David H. Mincberg is a lawyer and former executive that has worked for the Detroit Pistons, Milwaukee Bucks, Memphis Grizzlies (National Basketball Association), and D.C. United (Major League Soccer).

Biography
Mincberg spent one season as Assistant General Manager of the Pistons. Prior to joining the Pistons, Mincberg was Vice President of Basketball Strategy for the Milwaukee Bucks.  Bucks General Manager Jon Horst described Mincberg as "a very creative thinker" that "built out a department that not a lot of if any teams really had, and really created a department with him and he killed it." Pistons General Manager Troy Weaver hired Mincberg in July 2020 as "something of a jack of all trades" with experience ranging "from scouting to analytics to salary-cap management to legal counsel." 

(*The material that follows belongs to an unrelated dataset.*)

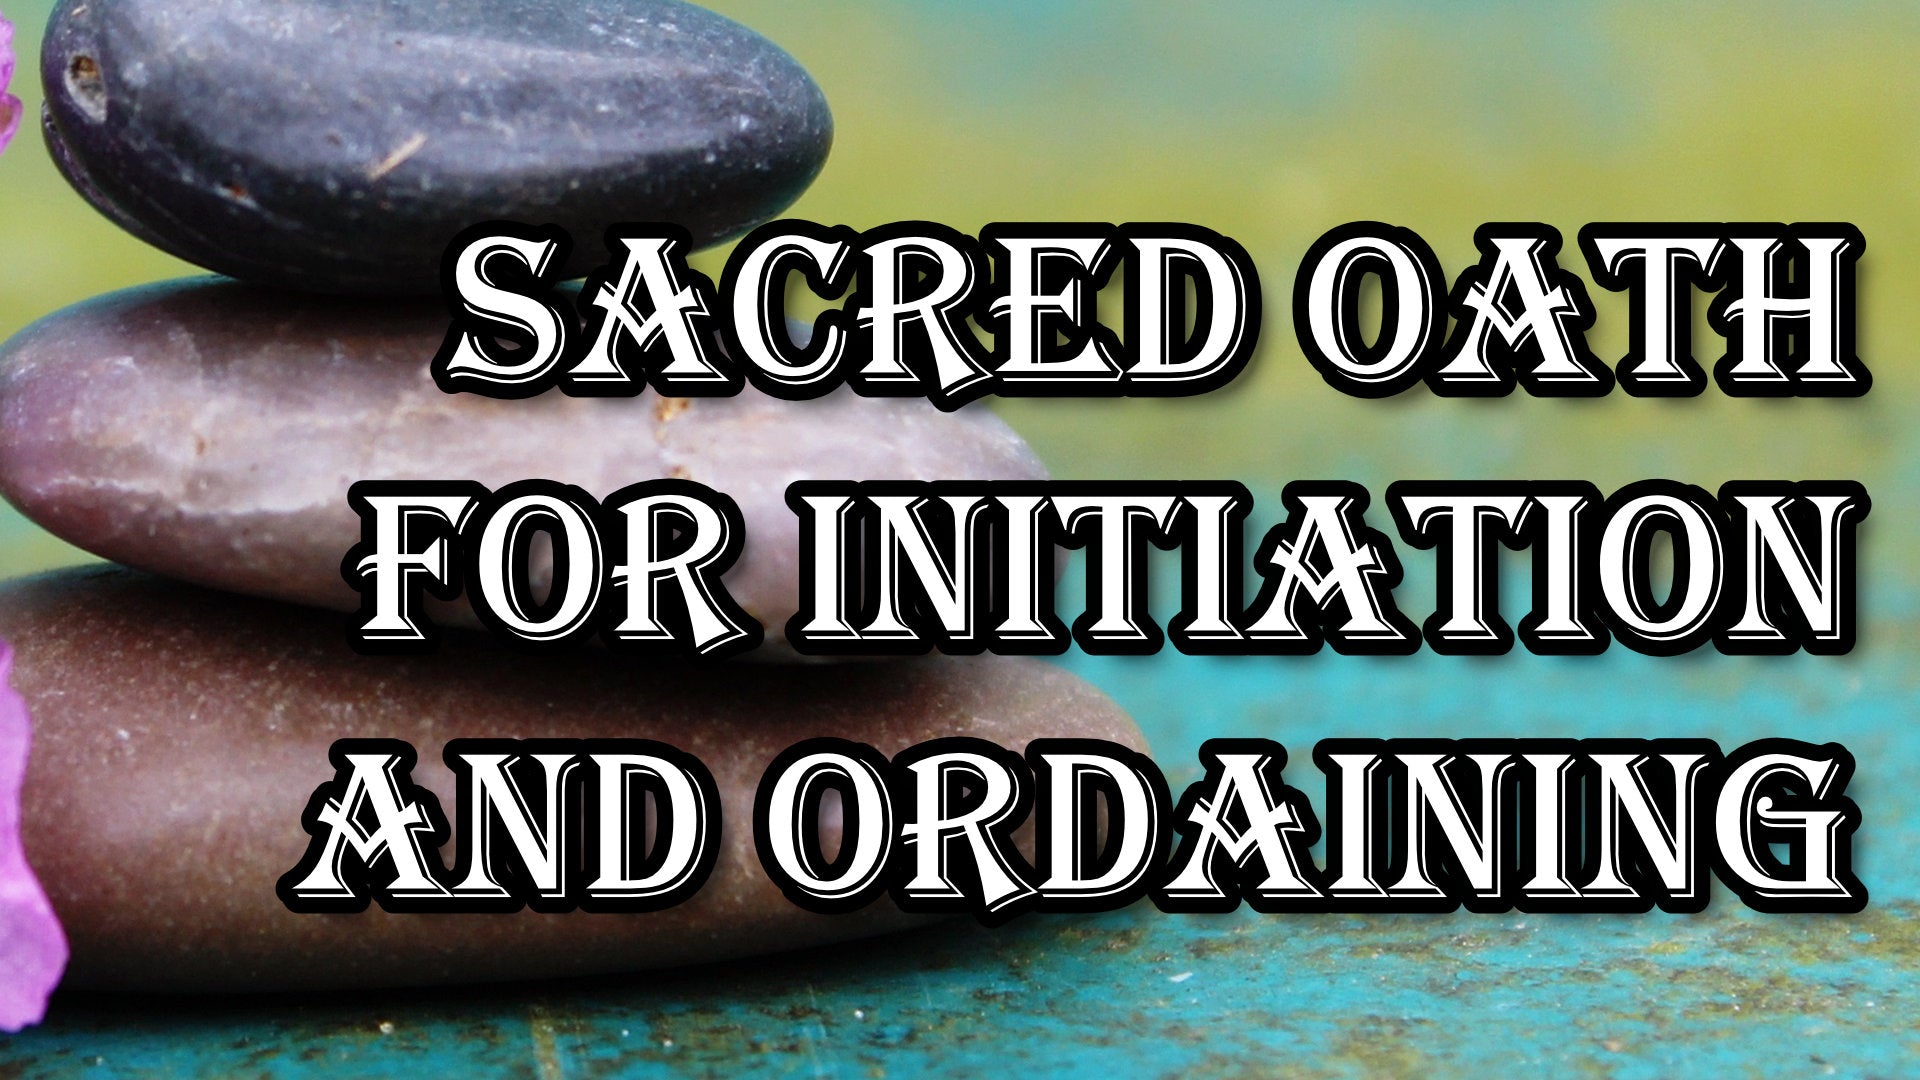 
          The Oath for Initiation and Ordaining

Mincberg has a Juris Doctor from the University of California, Berkeley, School of Law and worked on the acquisitions of both the Memphis Grizzlies and D.C. United (Major League Soccer) before serving as the in-house counsel for both organizations. In his capacity as team counsel for D.C. United, Mincberg was tasked with negotiating a deal to secure a new stadium for D.C. United, which would allow the franchise to remain in D.C.  In July 2013, after working closely with City Administrator Allen Lew, Mincberg helped DC United strike a deal with the city of Washington, D.C. that was heralded as "likely to give (the) franchise the kick it needs." In his capacity as team counsel for the Memphis Grizzlies, Mincberg was involved with the team's business operations, basketball operations, and ownership group. He also played an active role in the team's player personnel decisions, draft process, and scouting.

Mincberg has also contributed to the field of Sports Law through his writing. His article, "Guns, Collective Bargaining and Moral Turpitude: Gilbert Arenas and the National Basketball Association" examined the standards by which the NBA assesses moral turpitude and whether Gilbert Arenas' contract could have been terminated on such grounds in the wake of his decision to bring a gun into the Washington Wizards' locker room. Mincberg's scholarship has recently been cited by Westlaw's treatise "The Fundamentals of Sports Law".

Mincberg was relieved of his duties as Assistant GM by the Pistons in June 2021. 

Mincberg is a native of Washington, D.C. He holds a bachelor's degree from the University of South Florida.